Глава третья: несколько причин для слез;
20 октября 2013 г., 20:06
Здесь – в декорации очередного сна – белые стены и уходящий вдаль коридор. И нет, это - не место, где души находят себе последнее пристанище; это госпиталь для них.
Если ты стоишь спиной к окну, то перед тобой, впереди – комната отдыха, но она пуста в этот час. Справа и слева – двери (они сливаются со стенами), за каждой кто-то есть. Мне нужна та, что совсем рядом, только повернись и увидишь – она с маленьким окошком наверху, прикрытым решеткой. Здесь все окна клетчатые.
На кушетке в той палате, куда я прихожу во сне, лежит человек. На нем – смирительная рубашка, но рот свободен.
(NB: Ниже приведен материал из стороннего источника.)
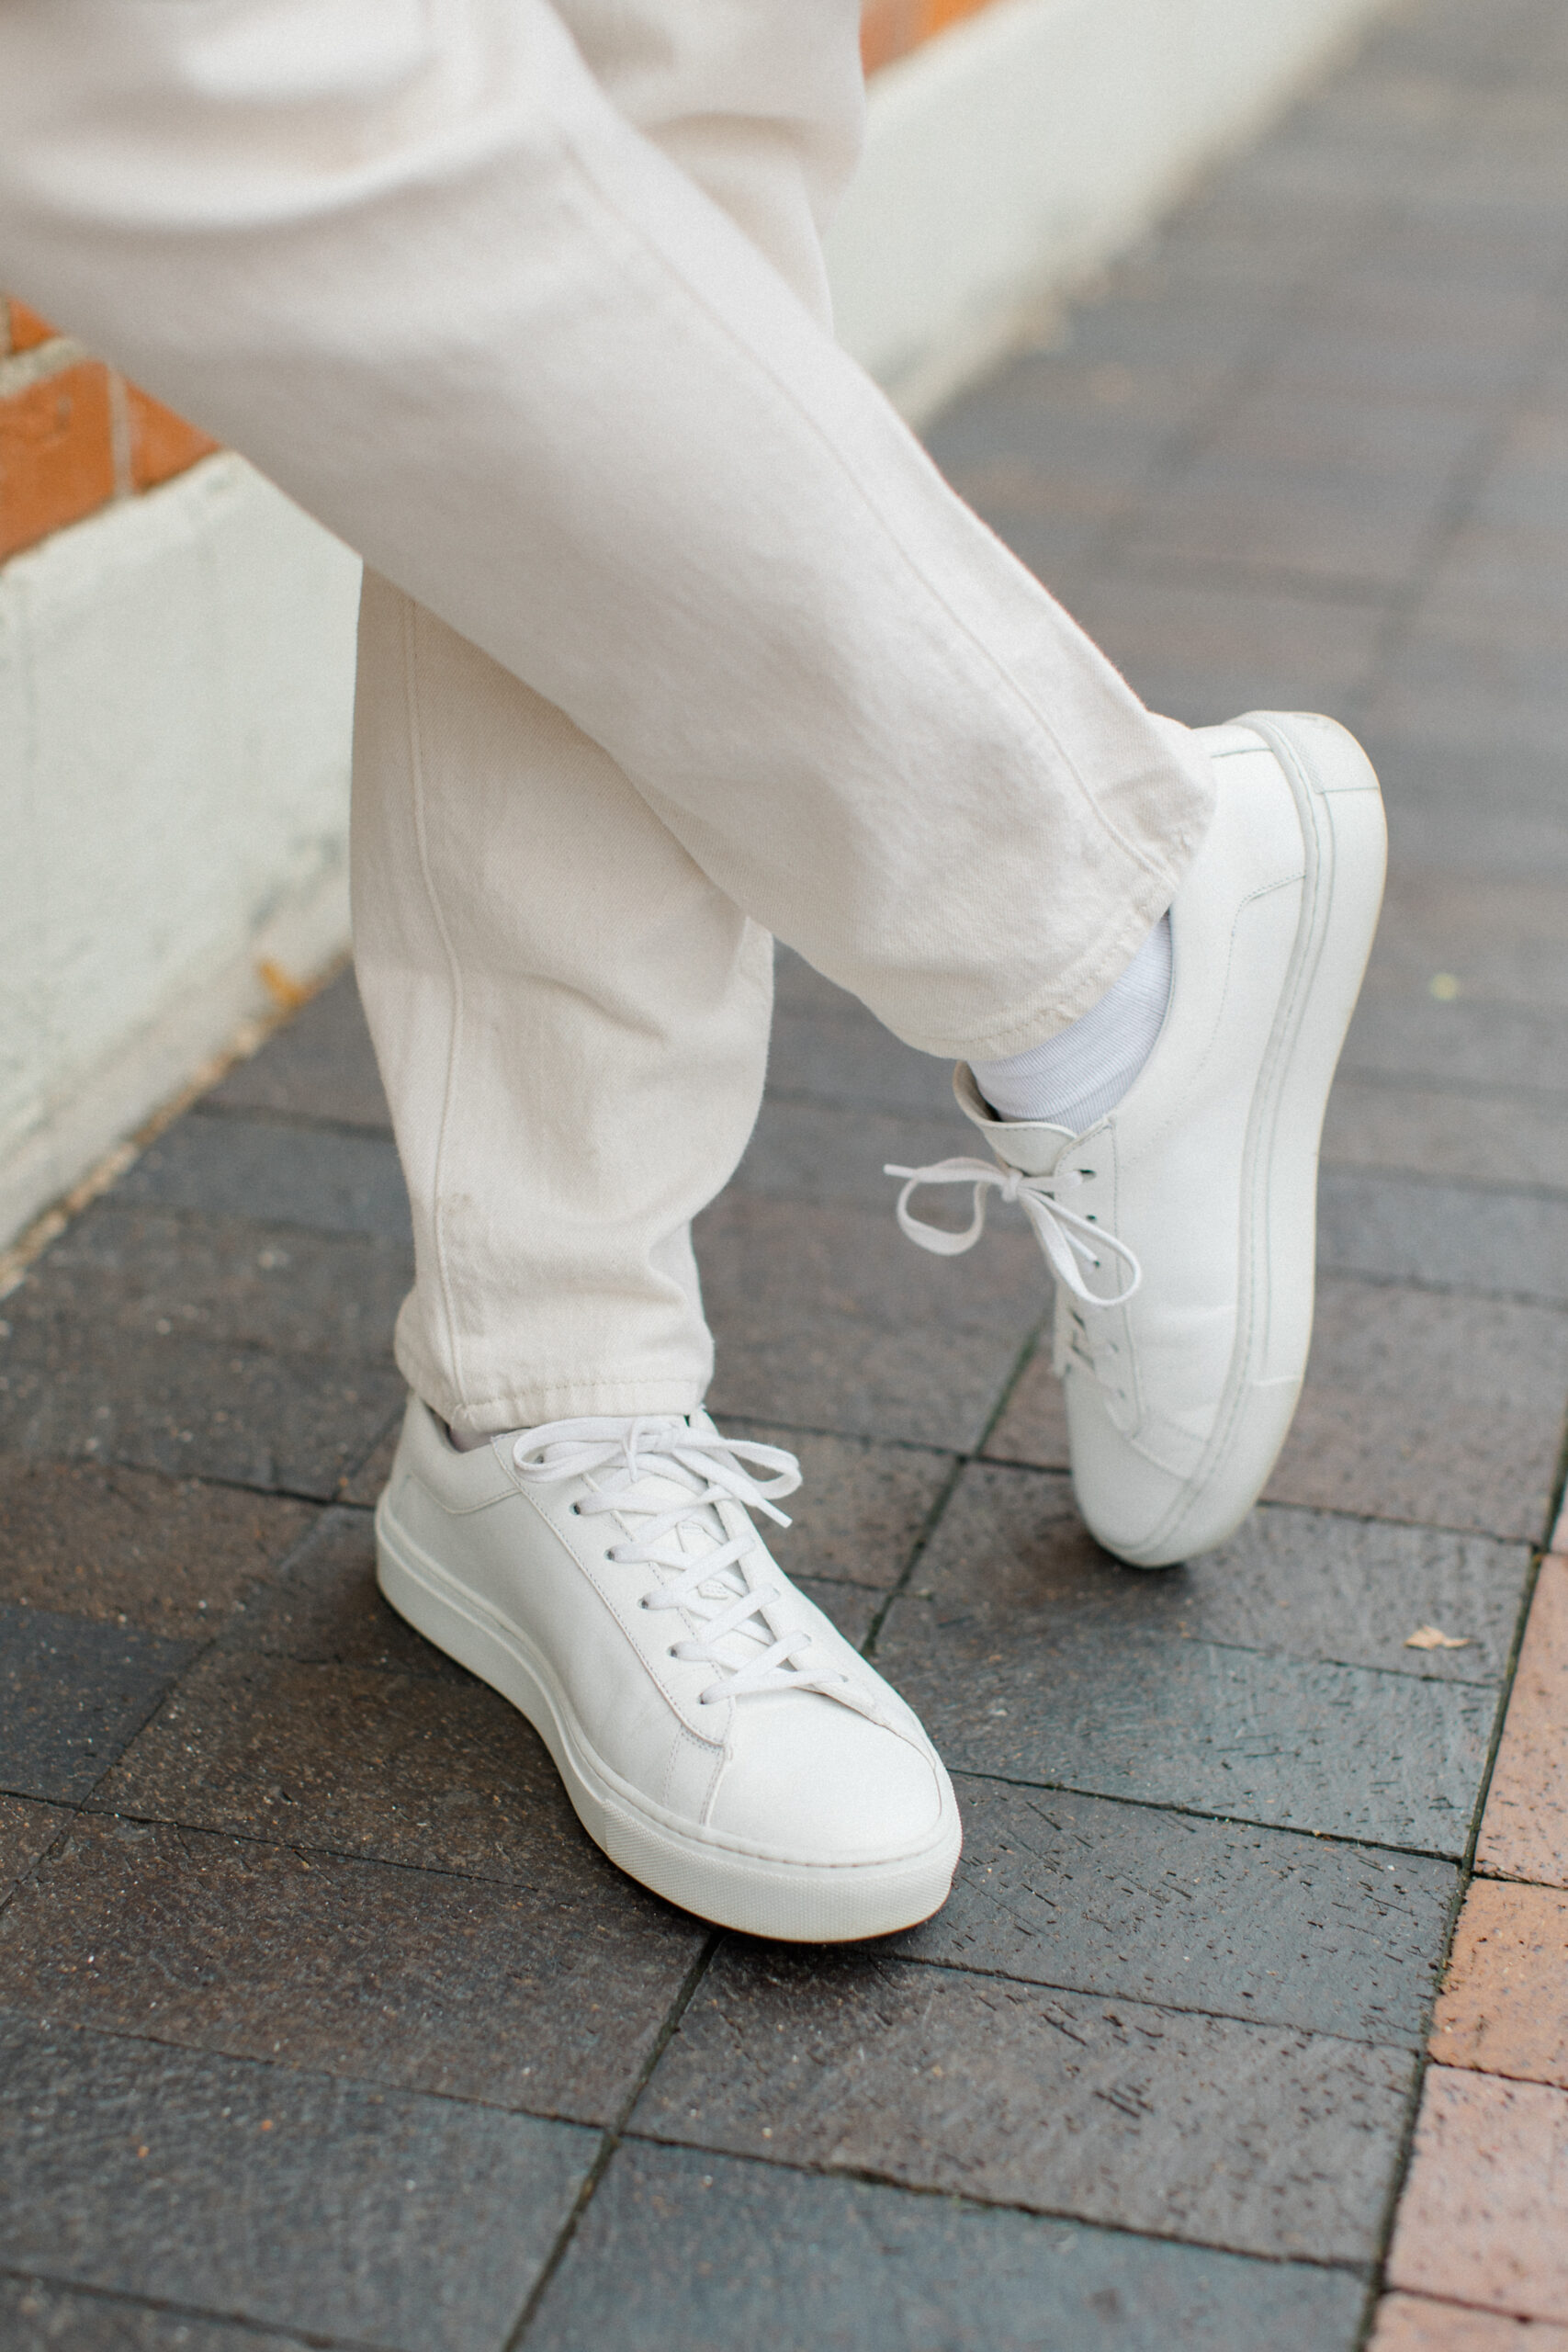 White sneakers at every price point: Koio Capri Triple White
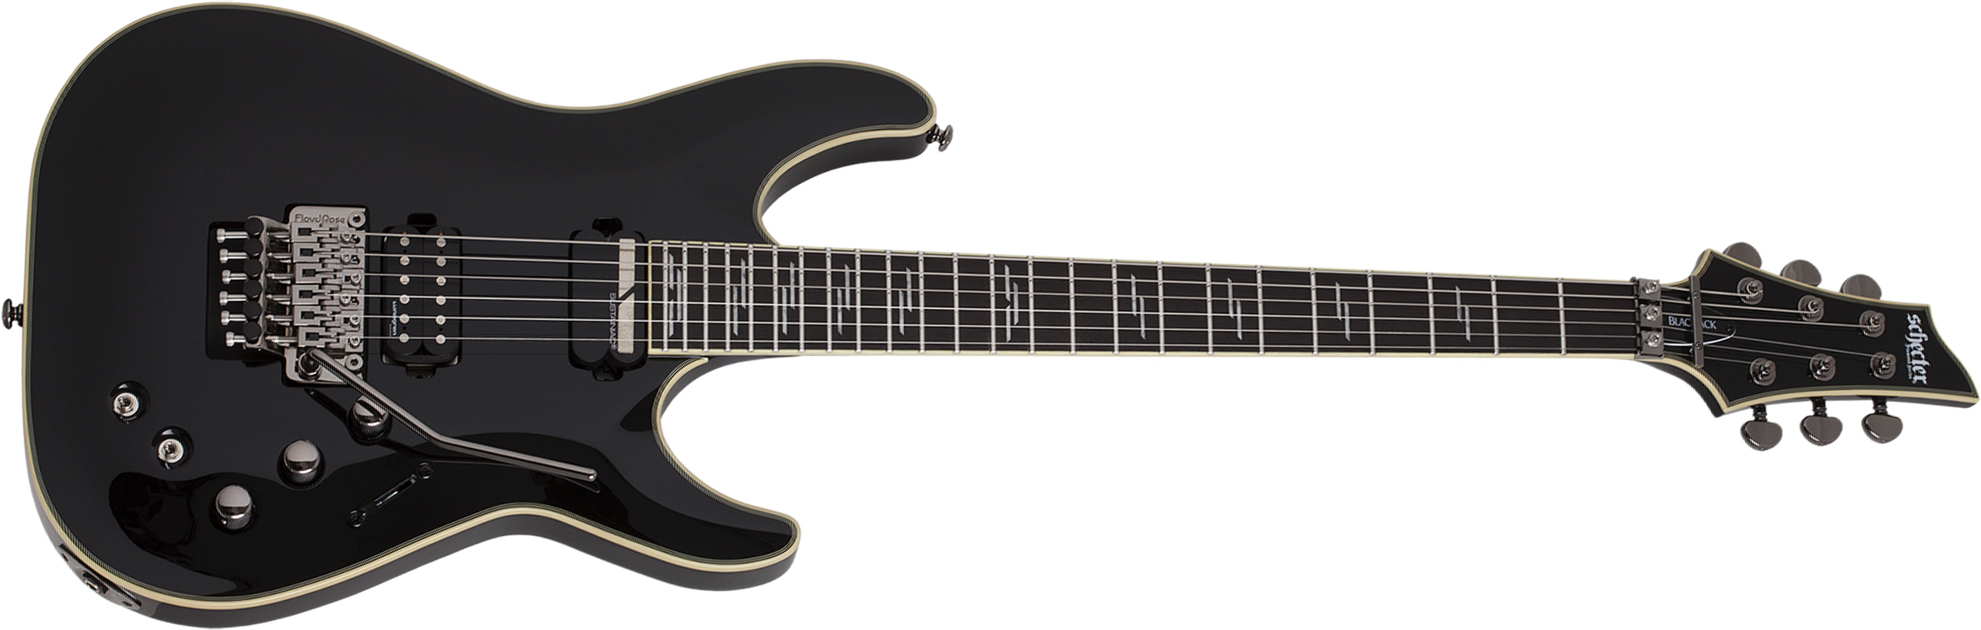 Schecter C-1 Fr S Blackjack 2h Lundgren Sustainiac Eb - Black - Str shape electric guitar - Main picture

И, наверное, поэтому больной не волнуется; всё, что ему нужно – возможность говорить,
или же его просто накачали нейролептиками.
«Вы все умрете».
Он смотрит сквозь меня, потому что я – это не я; я в своей комнате, но моё сознание здесь. И я разглядываю человека перед собой (его бледную морщинистую кожу, безумные глаза и тоненькую нить слюны, свисающую из уголка рта), стараясь воскресить в памяти другие картинки с ним – реальные.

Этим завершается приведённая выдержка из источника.